Riverdance is a version of Irish step dancing, complete with rigorous lower body stepping. If you've ever seen Riverdance, you know that high-energy Irish step dancing is much tougher than people who make fun of the dance would have you think. Believe it or not, it's actually not that difficult to get starting learning how to Riverdance. You might not ever dance an Irish jig as well as Riverdance expert Michael Flatley, but you can certainly manage a passable imitation.

Watch Riverdance or another Irish step dance video. Note the way the dancers' legs move rapidly while the upper half of their bodies stay very still. Watch the video in slow motion. The dancers' feet are positioned so the toes of the left foot nearly touch the heel of the right foot, with the right foot turned 90 degrees to the side. Master this frequently used position.

Stand in front of a mirror while you practice. Make your body and leg motions match the leg motions of the dancers. Naturally, you won't get this perfect the first time you try, but if you practice, you will improve. Once you've tried some of the motions on your own, watch Riverdance again. You will notice details that you missed the first time.

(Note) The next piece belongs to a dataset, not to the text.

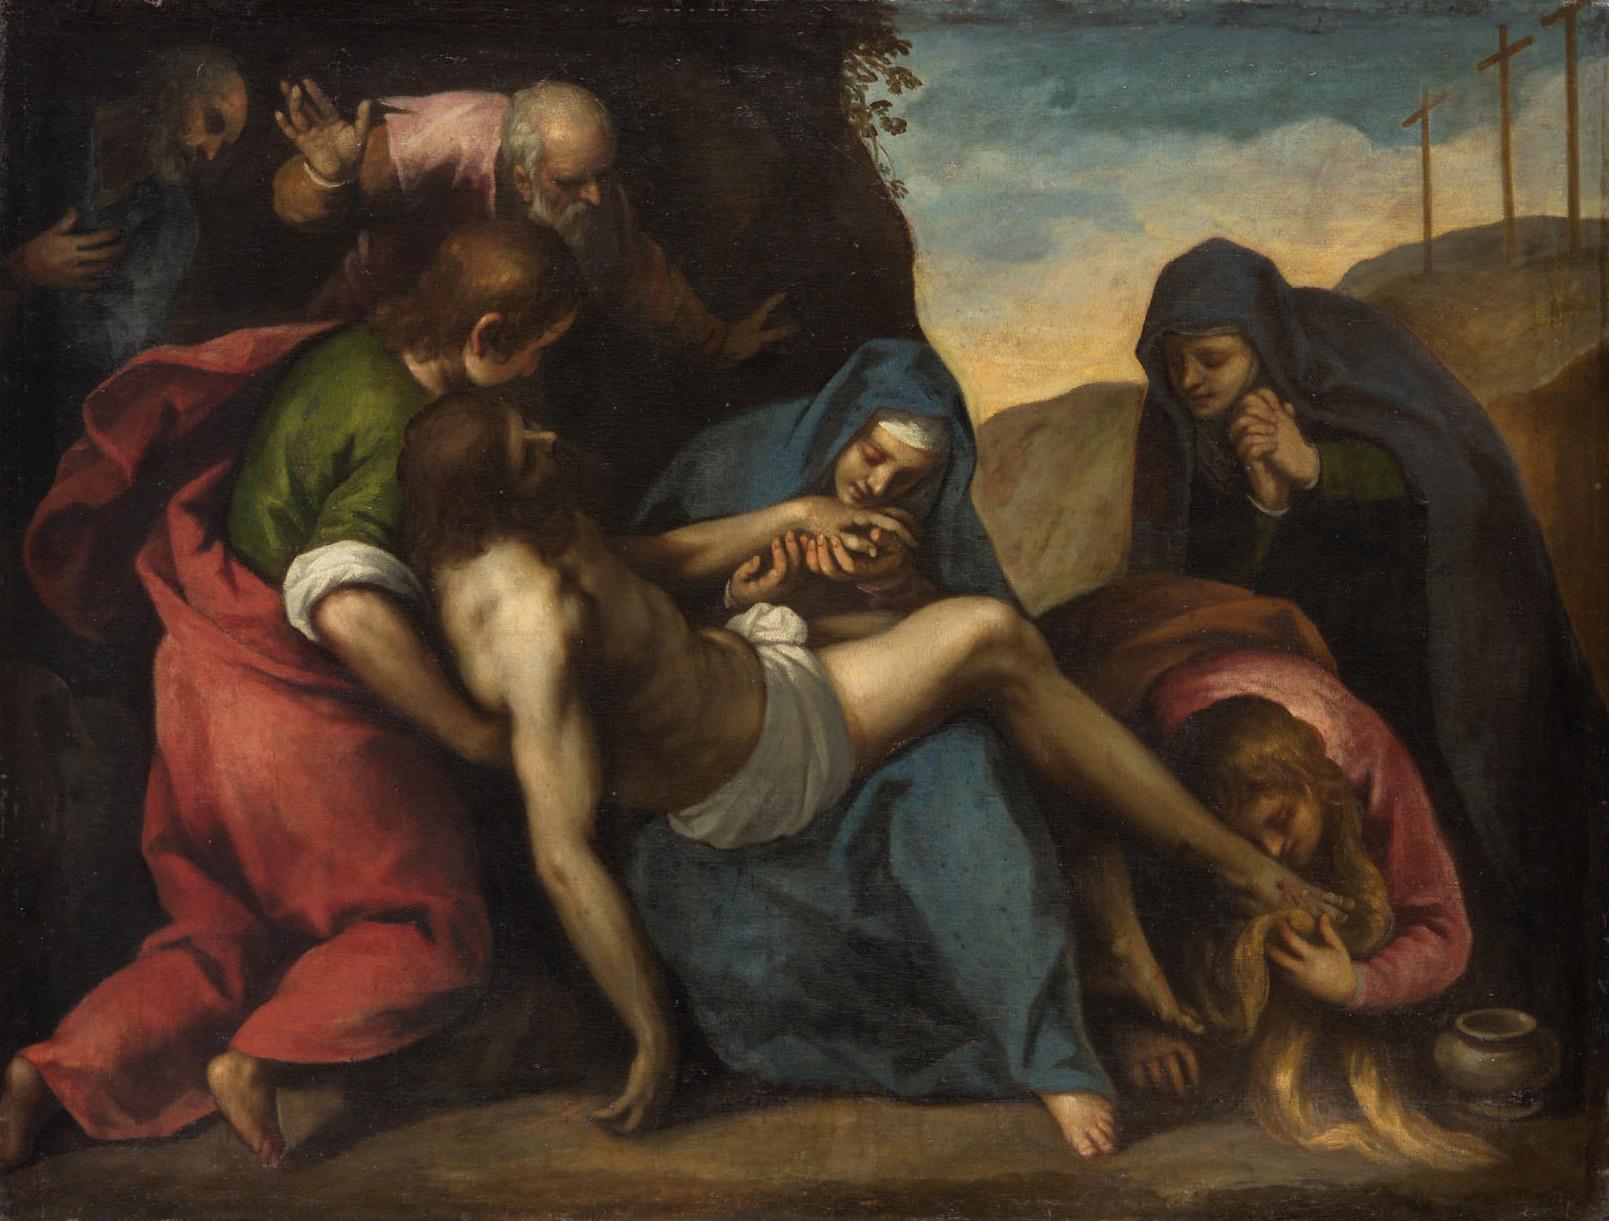 Beweinung Christi von Jacopo Negretti, gen. Palma il Giovane
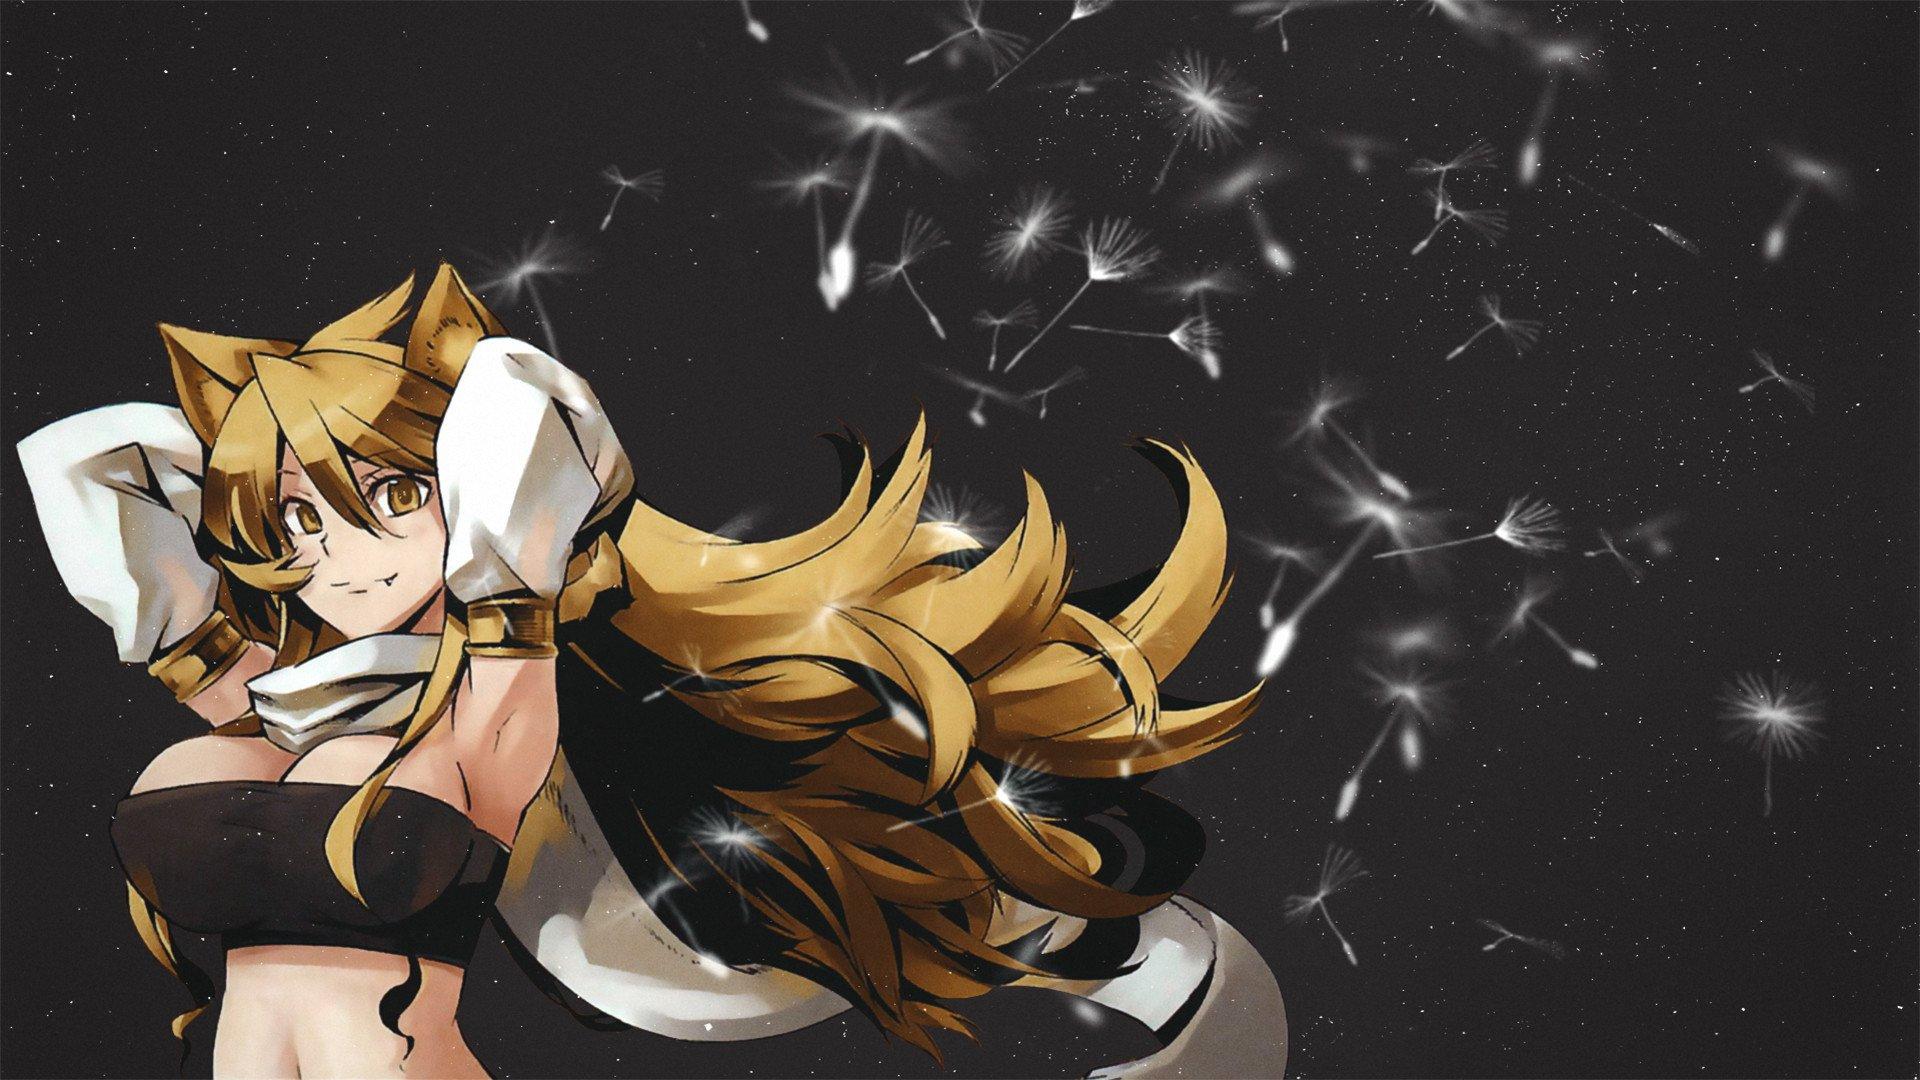 Akame ga Kill! HD Wallpaper | Background Image | 1920x1080 ...

Seek advice from the professionals. Learn to Dance offers a step-by-step written tutorial for Irish step dancing. Niall O'Leary's E-how video series on Irish step dance walks you through each part of an Irish step dance routine. Read the tutorial and watch the video, and then try out the moves yourself. This will reinforce your lessons and you'll be more likely to retain what you've learnt.

Practice, practice, and practice. The famous dancers of Riverdance did not learn their skills overnight, and neither will you. Practice your Riverdance moves every day for at least 30 days. Keep trying the moves at home, and soon enough you will be ready to reveal your new skills to your friends.